I compared the work of the orb detector and the contour detector and I think this could serve as a good replacement for the orb detector if work the contours on the line and compare them. What is more curious, the orb detector in opencv seems to be much more resistant to motion blur than the output of the orb-slam3 detector, but it is use OpenCV too, maybe legacy detector code to use orb-slam? Or it's a matter of depth from the camera, if the features do not match the depth, then they are not displayed in the detector window...
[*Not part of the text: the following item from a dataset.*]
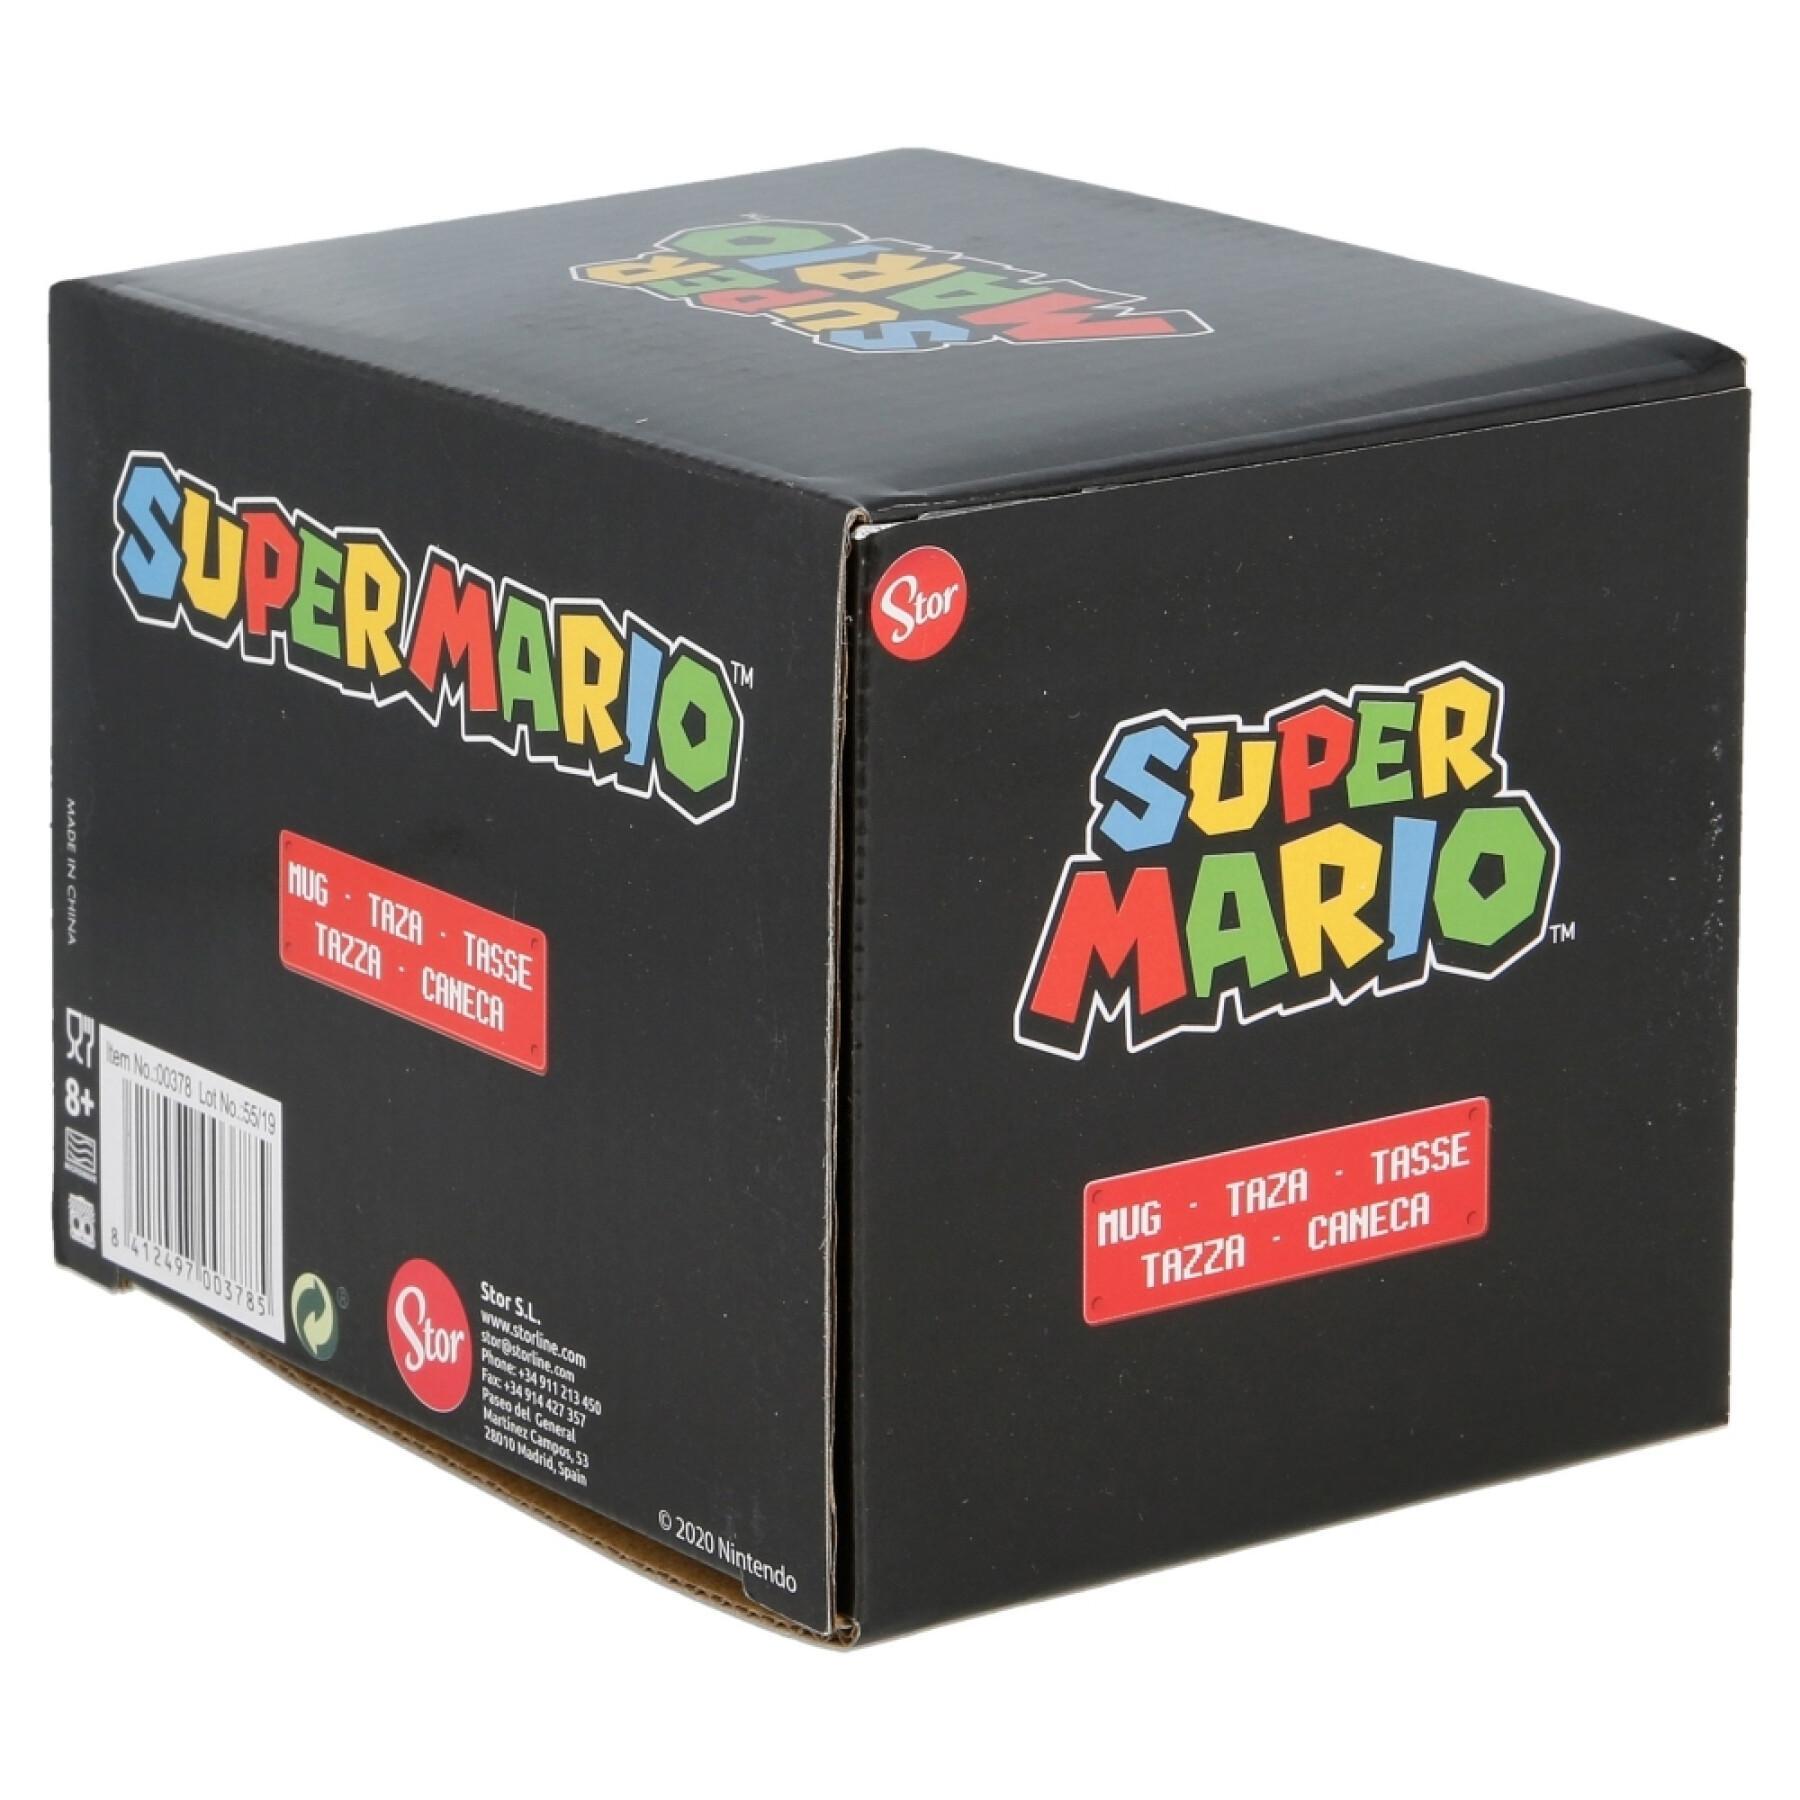 Keramische mok geschenkverpakking Super Mario

https://youtu.be/dnsttKShs54 OpenCV ORB detector

https://youtu.be/qVm4uxygjmA ORB-SLAM3 ORB detector

https://github.com/jiexiong2016/GCNv2_SLAM running performance with ORB and GCNv2 features

https://youtu.be/RjaB3O6st2E Contour detector

[Userpc1010]

Does anyone have any idea about the ORB detector why there is such a difference in resistance to motion blur? If the ORB-SLAM3 detector worked at least as shown in the video from OpenCV ORB detector, there would certainly not be such problems with track loss. With depth, it seems to be in order, in any case, it me does not fall apart during sudden movements, in other things, all cameras with a global shutter and synchronization are not surprising.

[Userpc1010]

I'm coming to the idea that orb-slam3's shortcomings can be put up with. The algorithm showed itself quite well in terms of inertial navigation on rather noisy sensors. If you use a more stable imu for example adis 16470 and a stereo camera with a larger baseline and approaching lenses for use more futures on long range in line movments, you can put up with instability in rotations and completely rely on imu at this moment, there are sensors capable of integrating the position up to 90 seconds during this time the rotation will end and slam will reset the error by cameras. Also, stereo cameras seem to be more stable and extracting more orb points to the eye. Thus can focus only on obtaining visual one-dimensionality at the moment of linear movement, without paying attention to the non-stability of the orb detector. When implementing such a piece of iron should immediately pay attention to the synchronization of the camera and the imu of the sensor's operation on interrupts and the simultaneous operation of the shutters of the cameras.